I have a string that I want to use as a filename, so I want to remove all characters that wouldn't be allowed in filenames, using Python.

I'd rather be strict than otherwise, so let's say I want to retain only letters, digits, and a small set of other characters like "_-.() ". What's the most elegant solution?

The filename needs to be valid on multiple operating systems (Windows, Linux and Mac OS) - it's an MP3 file in my library with the song title as the filename, and is shared and backed up between 3 machines.

11/28/2016 2:18:47 AM

This is the solution I ultimately used:

import unicodedata

validFilenameChars = "-_.() %s%s" % (string.ascii_letters, string.digits)

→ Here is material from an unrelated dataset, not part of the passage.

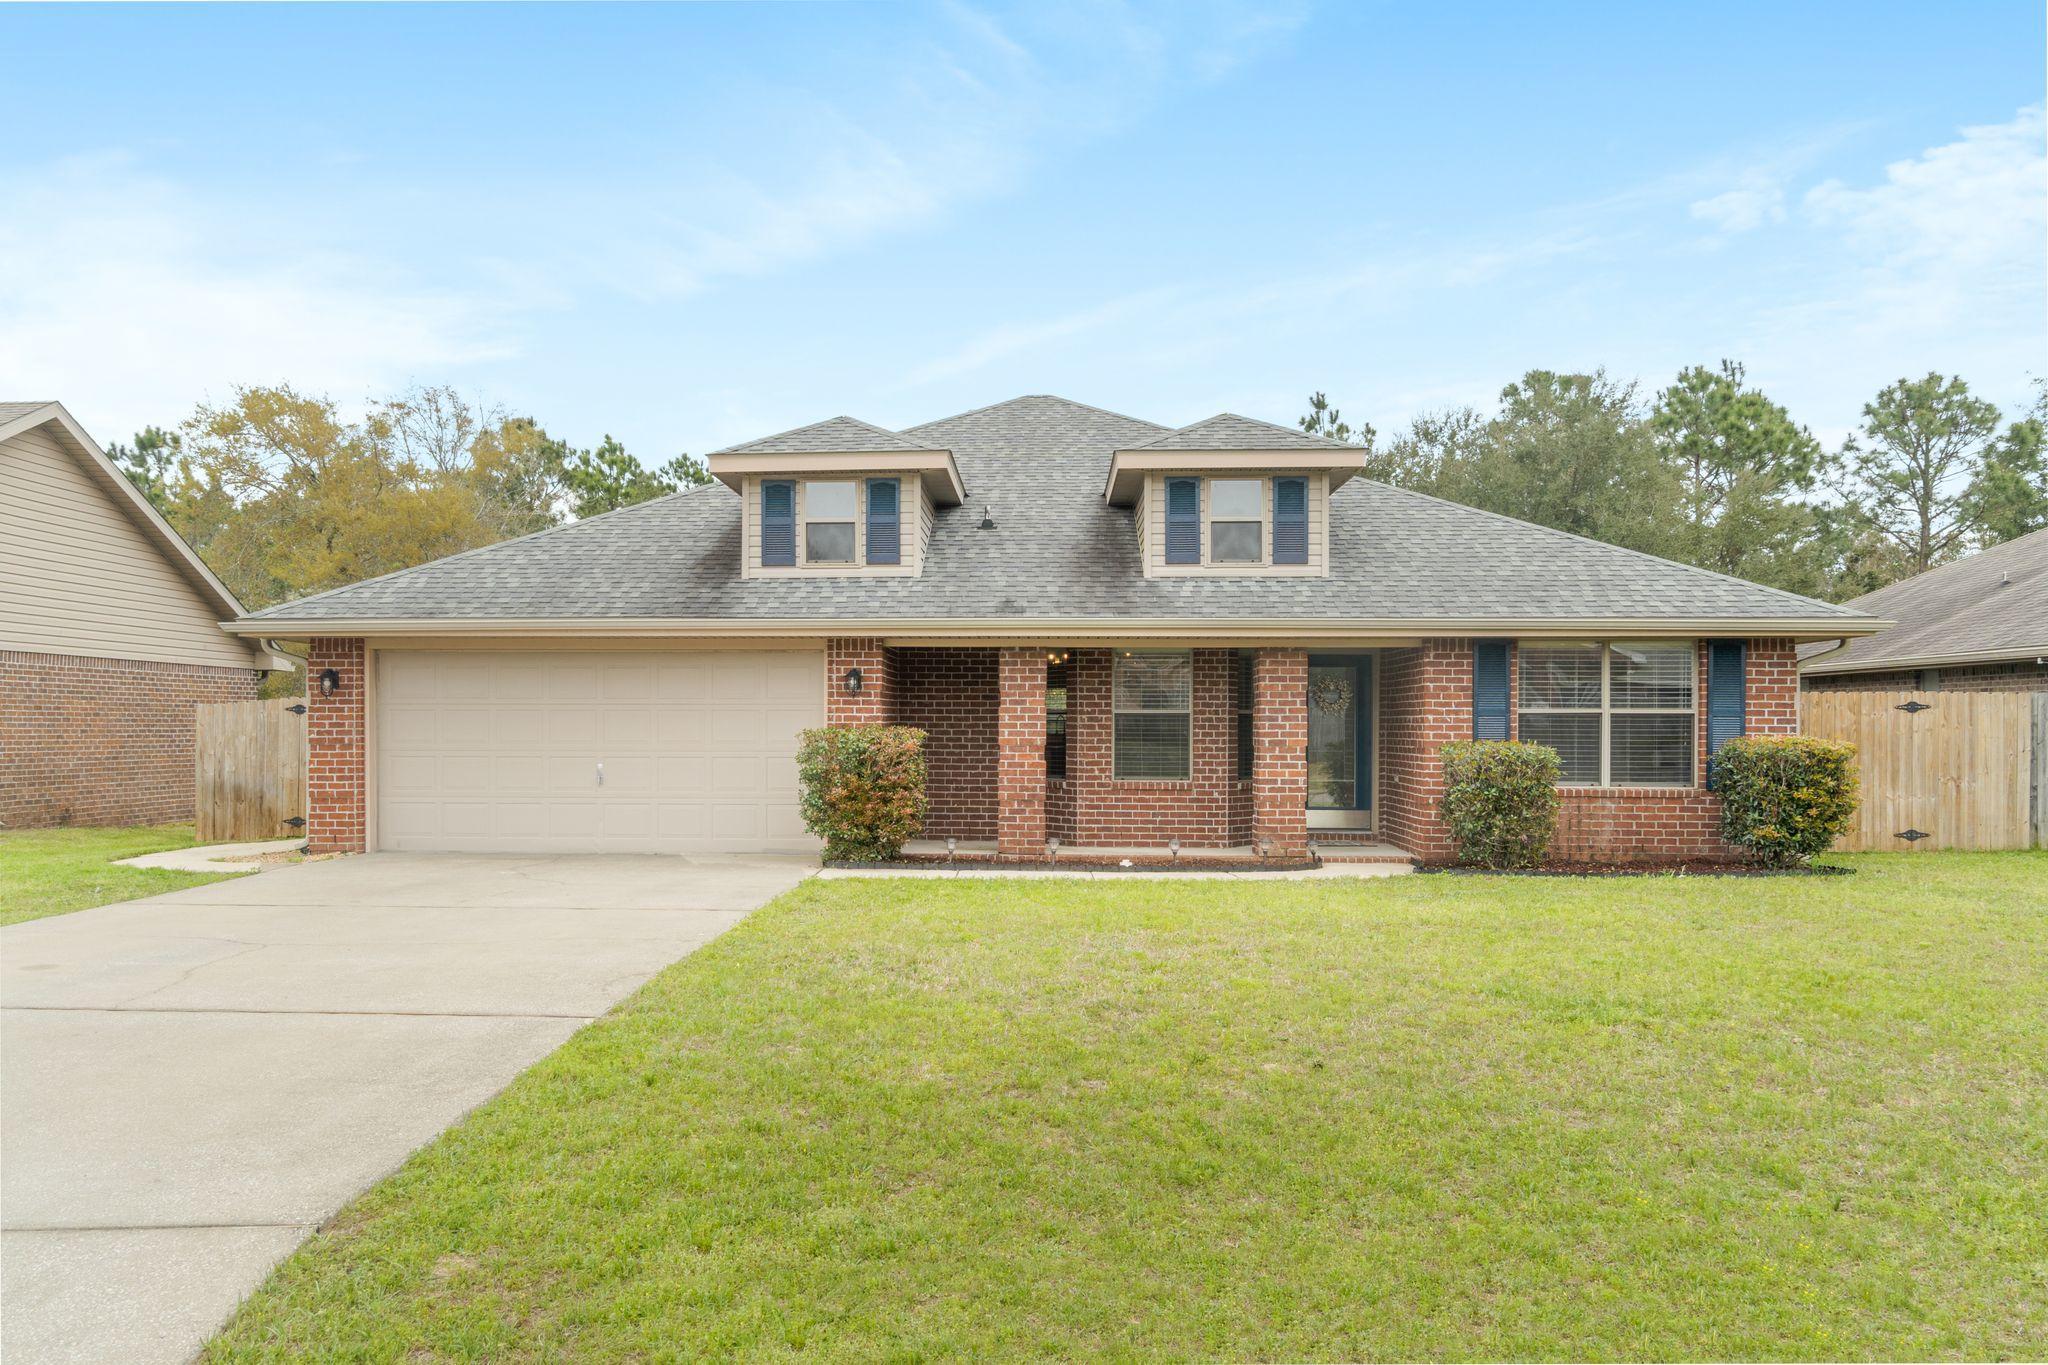 Photo of home for sale at 2784 Shoni, Navarre FL
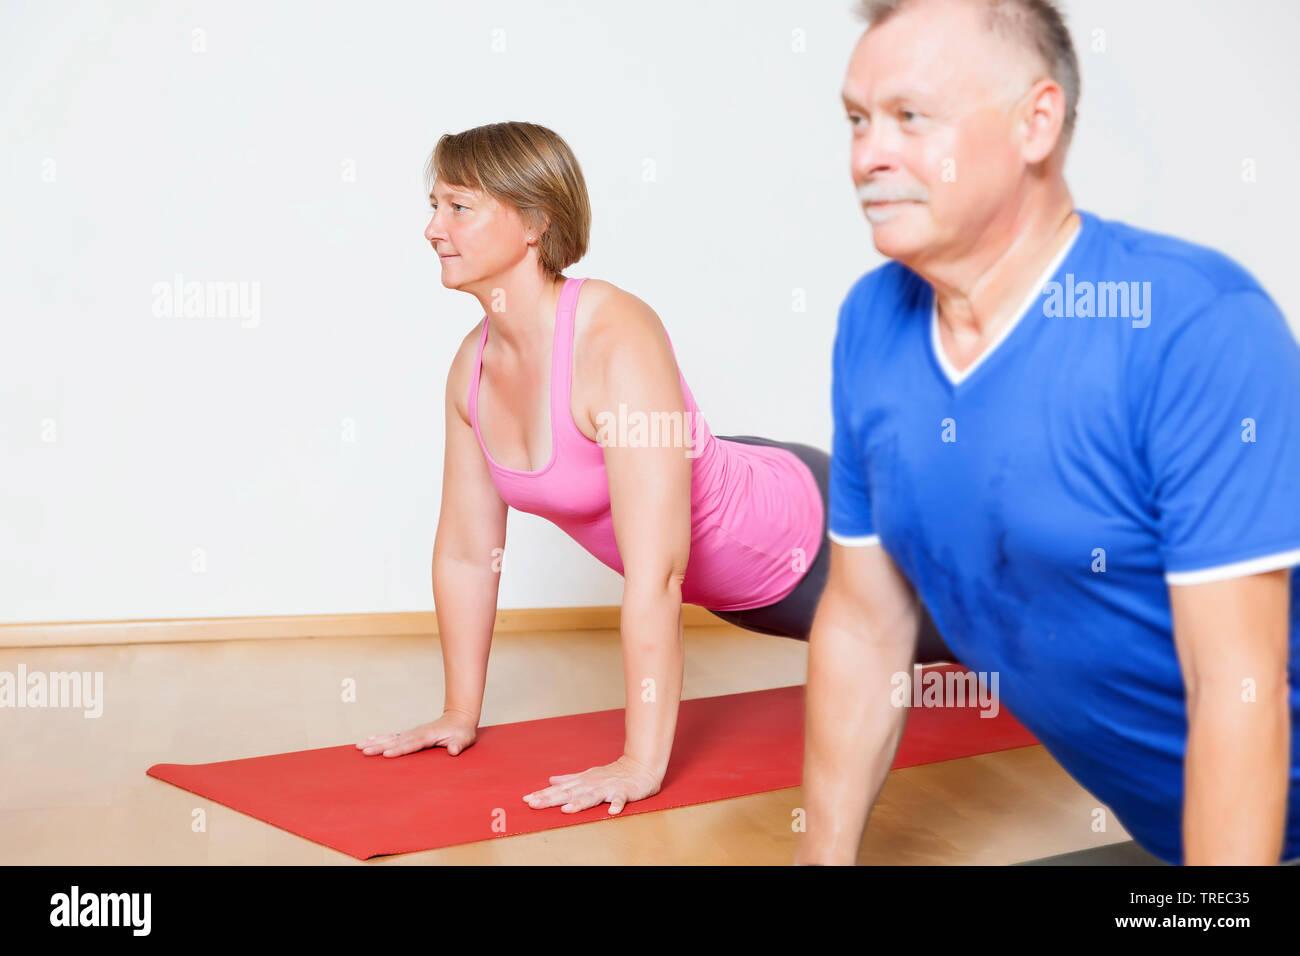 Frau und Mann machen Yoga-Uebungen, Europa | woman and man doing yoga, Europe | BLWS522583.jpg [ (c) blickwinkel/McPHOTO/M. Gann Tel. +49 (0)2302-2793 - Stock Image

def removeDisallowedFilenameChars(filename):
    cleanedFilename = unicodedata.normalize('NFKD', filename).encode('ASCII', 'ignore')
    return ''.join(c for c in cleanedFilename if c in validFilenameChars)

The unicodedata.normalize call replaces accented characters with the unaccented equivalent, which is better than simply stripping them out. After that all disallowed characters are removed.

My solution doesn't prepend a known string to avoid possible disallowed filenames, because I know they can't occur given my particular filename format. A more general solution would need to do so.

3/30/2009 7:40:17 PM

You can look at the Django framework for how they create a "slug" from arbitrary text. A slug is URL- and filename- friendly.

The Django text utils define a function, slugify(), that's probably the gold standard for this kind of thing. Essentially, their code is the following.

def slugify(value):
    Normalizes string, converts to lowercase, removes non-alpha characters,
    and converts spaces to hyphens.
    import unicodedata
    value = unicodedata.normalize('NFKD', value).encode('ascii', 'ignore')
    value = unicode(re.sub('[^\w\s-]', '', value).strip().lower())
    value = unicode(re.sub('[-\s]+', '-', value))

There's more, but I left it out, since it doesn't address slugification, but escaping.